つまり、二人して階段をゴロゴロと転がり落ちたわけだ。リアルだったら痛いに違いない。
「二人とも・・・大丈夫?」
ミストラルが軽快に階段を1段飛ばしで駆け下りてくる。
彼女が二人を見降ろすと、バルムンクがカイトの頭を守るようにして抱きながら倒れていた。
「ご・・・ごめんバルムンク!ぼくが助けようとしたのに逆に助けられちゃって。」
「・・・・・・」
「彼、気を失ってるみたい。とりあえずアジトで休ませないと・・・・・・ってまさか、重くて立ち上がれないとか?」
カイトが彼の腕を持ち上げようとしたが動かず、カイトは抱かれたままの格好であることに困惑した。

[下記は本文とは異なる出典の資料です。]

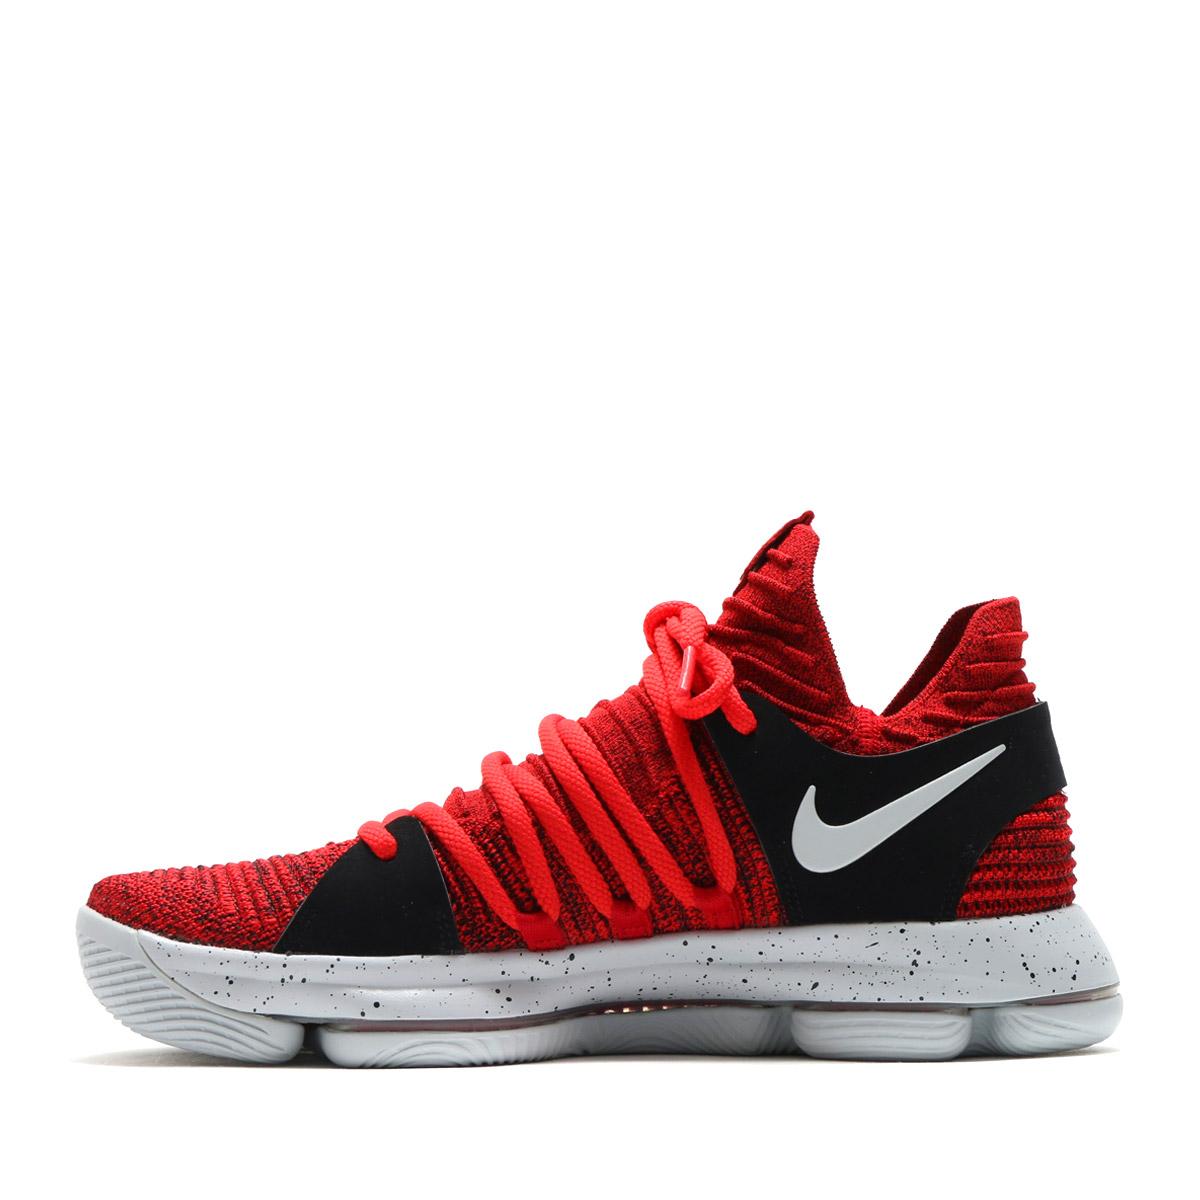 half off 6367c 5afbc NIKE ZOOM KD10 EP (Nike zoom KD10 EP) (UNIVERSITY RED PURE PLATINUM-BLACK)  17FA-S
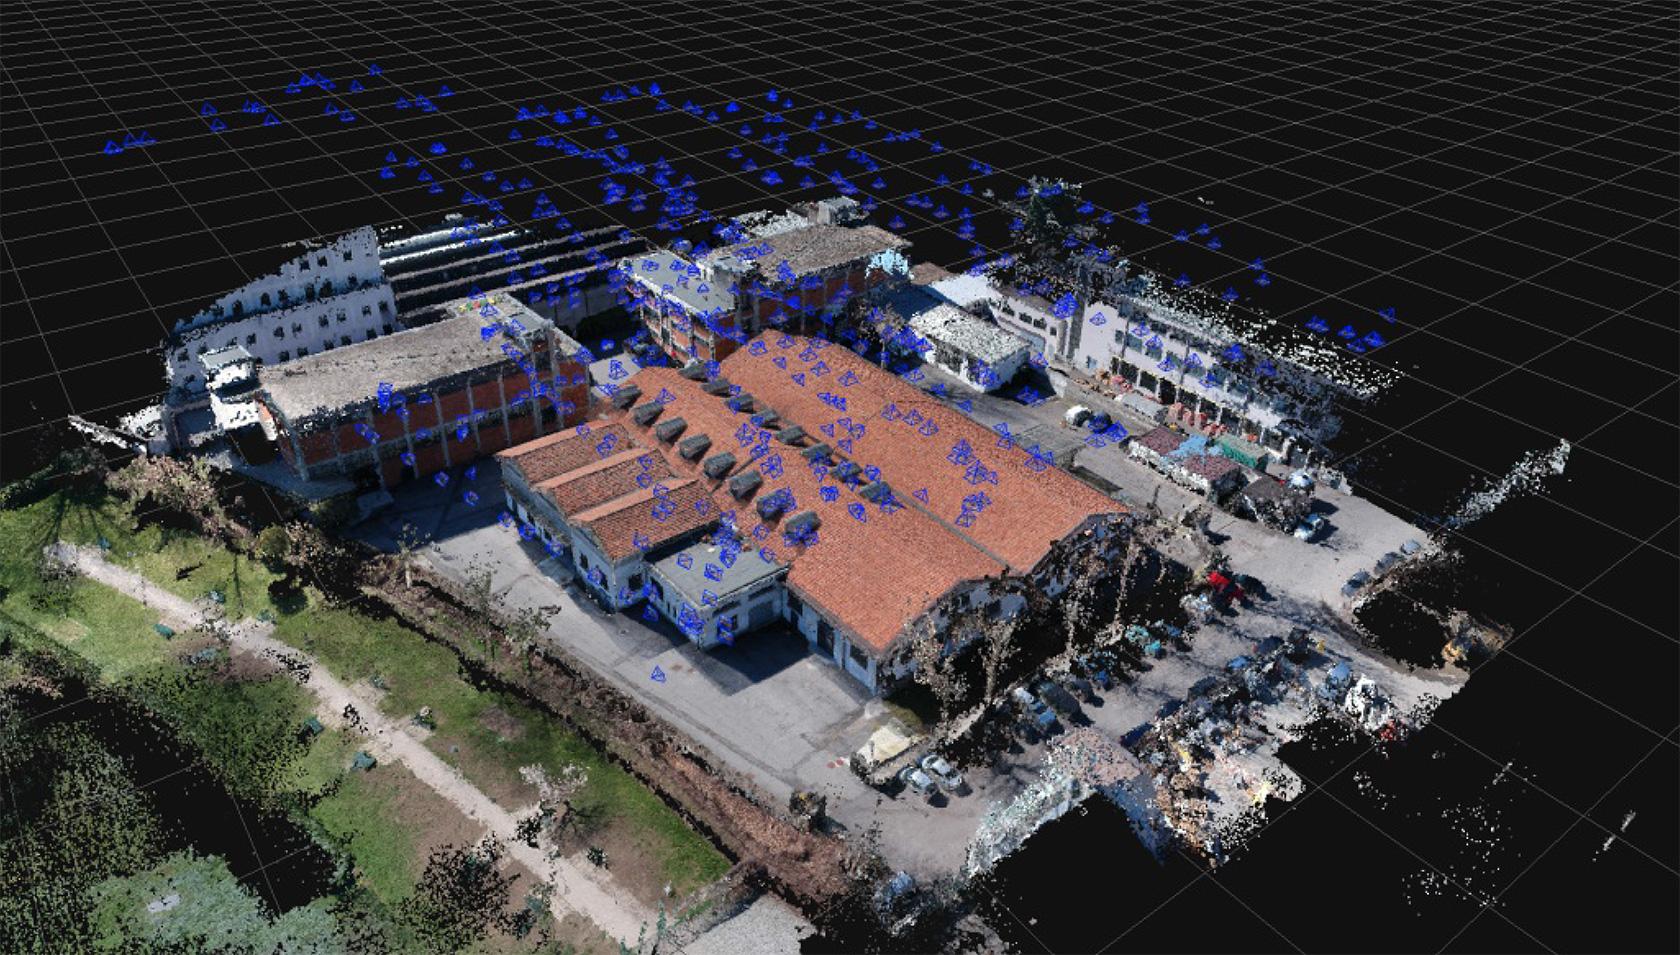 Photogrammetric Survey Using Drone

―――カイトはミストラルに目で訴えた。ミストラルはにこっと笑う。そして杖を振った。
「ファリプス!ほーらー、バルムンク起きて!」
光が彼を包み込む。肉体的傷は癒えたが、彼は動かない。どうやら、リアルのほうの精神がボロボロのようだ。
駄目か・・・と、彼の腕の中でカイトががっくりと脱力するのをにこやかに見つめたミストラルが提案を持ちかける。
「私いい事思いついたんだけど。これなら絶対バルムンク起きるハズ♪」
「何?」
ミストラルは目をつぶり、両手で杖を持って上を見上げる。
「カイトが彼にこう言うの、ぼくがいるから安心して・・・って。」
―――バルムンクはカイトのいない時の状態になにか不安があるに違いないから、これでOKのはず・・・
カイトは目をつぶったバルムンクの額に指をびしっとつけ、優しげにつぶやいた。
「何があったのか知らないけど、ぼくがいるからもう大丈夫・・・安心して。」
「カイト、すまない・・・」
バルムンクは先ほどの事が恥ずかしくてうつむいた。
「何いってるんだよ、ぼくにとってバルムンクが大切だからこうして一緒にいるんじゃないか」
カイトは自分の言っている事が彼の心に別の意味で響いているのに気付いていないようだ。
ミストラルはバルムンクの横を通る際に彼に耳打ちした。
「どさくさにまぎれてカイトを抱きしめてたのは誰でしょう~」
「・・・言うなよ?」
「あは♪」
さあどうでしょう、とミストラルはスキップした。先を歩くカイトが振り返り、どうしたのと尋ねる。
「うん、なんでもない。ただ、カイトってカワイイなと思って。」
「・・・っ、そんなことないよ!」
ミストラルの言葉で彼女以外のパーティーメンバーは顔を伏せた。
のちにミストラル最強伝説が浮上したのは裏の話。